We've heard the glib mantra “everybody needs love” in so many song lyrics and popular romances that the real egalitarian idea behind this sentiment is mostly not taken seriously. It isn't a luxury, or the exclusive property of young adult book cover models. It includes the awkward, the anxious, the ugly, the dissenters, the experimenters, the naive, the simple, the unsteady. To say, I exist, I have a human need for sex and intimacy, and I will express it no matter if it makes you groan or gag to imagine it, is a defiant act.


There is a certain perspective that comes with being a poorly-seeing virgin in your mid-30s. Not all of it is melancholy; most of it isn't, in fact. There are a lot of things that most of my compatriots would find utterly quotidian by now that still are full of wonder and curiosity for me.

Two of these are the peculiar multi-tiered reality in which people exist to me, and its relation, the visceral immediacy of close physical presence and human contact. I prefer to take most of my human interaction through text; a method where I'm more comfortable, being freed of the strains of insecurity and time to explore the depths of whatever imagination and personalty I have. It's also where other people become liberated from the weight of keeping up appearances to say and write material they might not have intended someone like me to see. I've always believed in the idea that a person's digital presence is something more akin to their real selves; a place where they'll reveal more of their private thoughts than what their low regard for me would typically warrant.

As I go about my daily life in public, most people I interact with are people I can't really see. I am aware they are there, only insofar as I see the few identifiable signs I've come to use to distinguish them from the other mental files I keep of the few people I know. But I can't look them in the eye, and after they're out of sight whatever subtle features they might have to really differentiate them, to make them truly unique, are lost to me. No one comes close enough to seem like flesh and blood, just temporarily opaque sheets of skin stretched over the keystrokes they'll eventually spill out into the digital realm.

What does it mean when your body has no memory of physical intimacy? The obvious consequence of course is that fantasy becomes something of a chore; images and dreams have only so much power when there's no spark or friction that can be conjured; like persistently tipping a glass of water into your mouth that's long since been sucked dry of its contents. But it also means the simple act of human touch is still an explosion of magnificence, indescribable, otherworldly to you. The human body has a unique irreplicable tension and temperature; its weight atmospheric even when inches away. This is where people become real, the word—to steal an appropriately scriptural phrase—made flesh. It is fitting that we would never grow bored with it.
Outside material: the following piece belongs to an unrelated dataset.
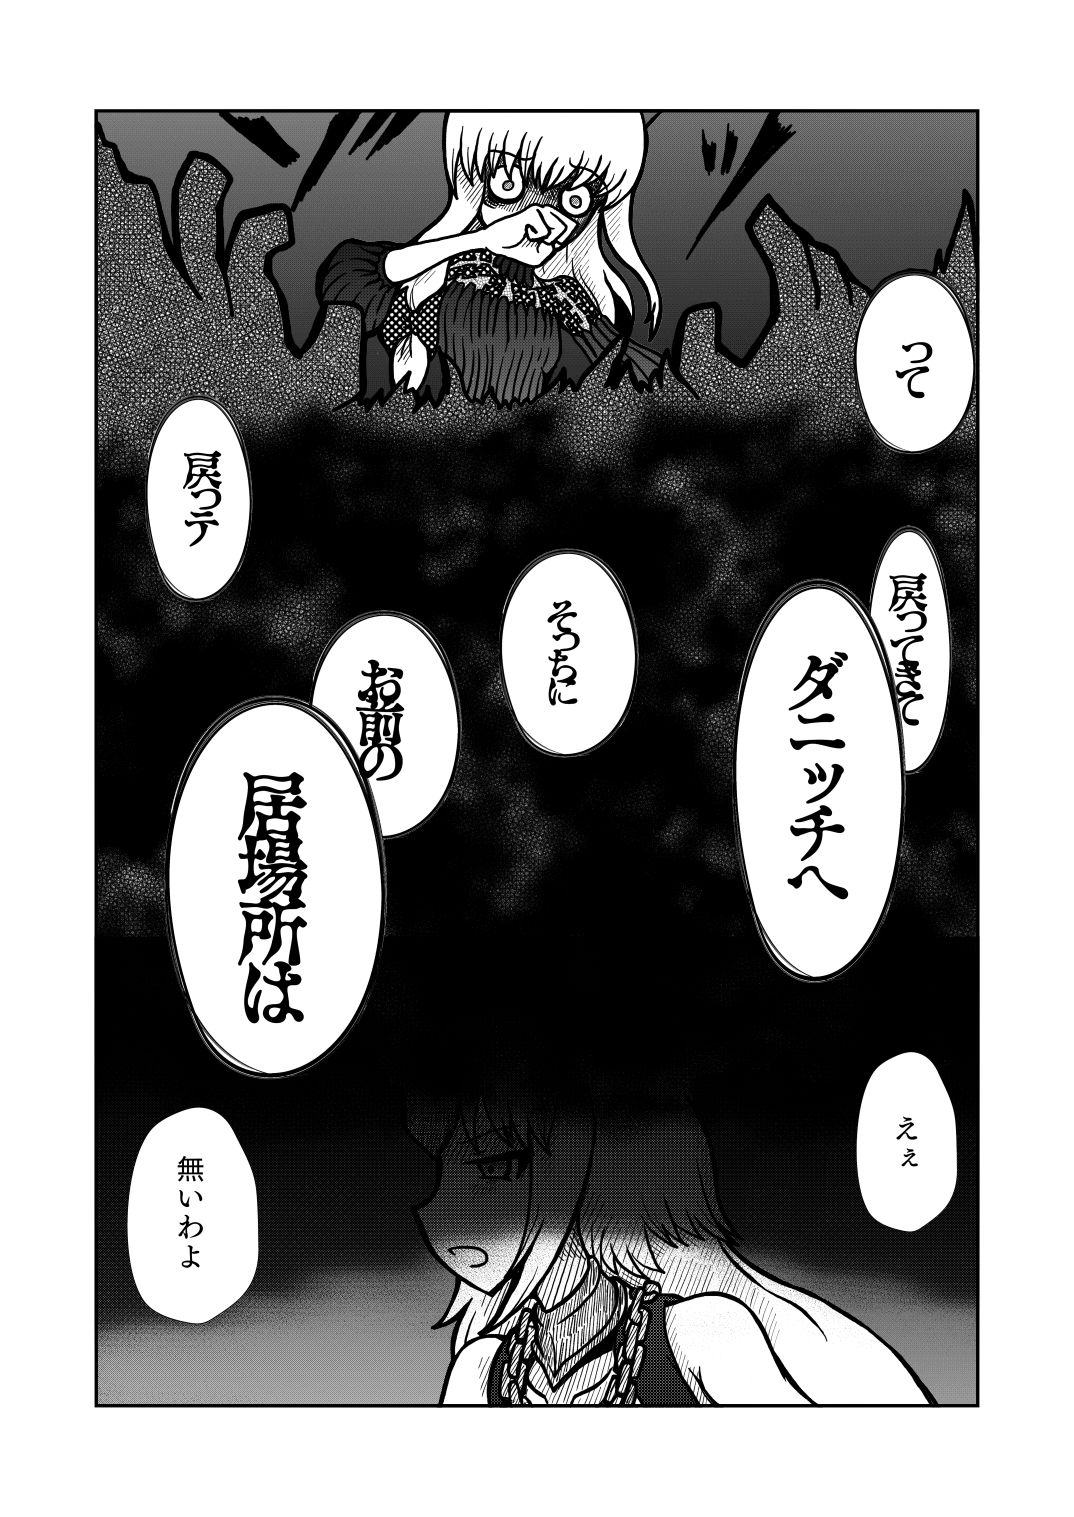 [Shigato] Jeanne x Lavi Dunwich Kai Kikou (Fate/Grand Order, Cthulhu Mythos) [Digital] 28

The paradox of romance for me has always been this: People seem to generally expect two things from a relationship social companionship, and physical intimacy. But the former seems intellectually irrelevant; if you have a circle of acquaintances and friends to act as confidants, why do you need a partner? But this leaves us with the alternative which most people will steadfastly resist, that their relationships are predicated first and foremost on sexual gratification. Myself included, since if I can dismiss my feelings of loneliness as a mirage, overcoming lovesickness should be a breeze, since surely I can prove myself to be driven by more than thirst alone.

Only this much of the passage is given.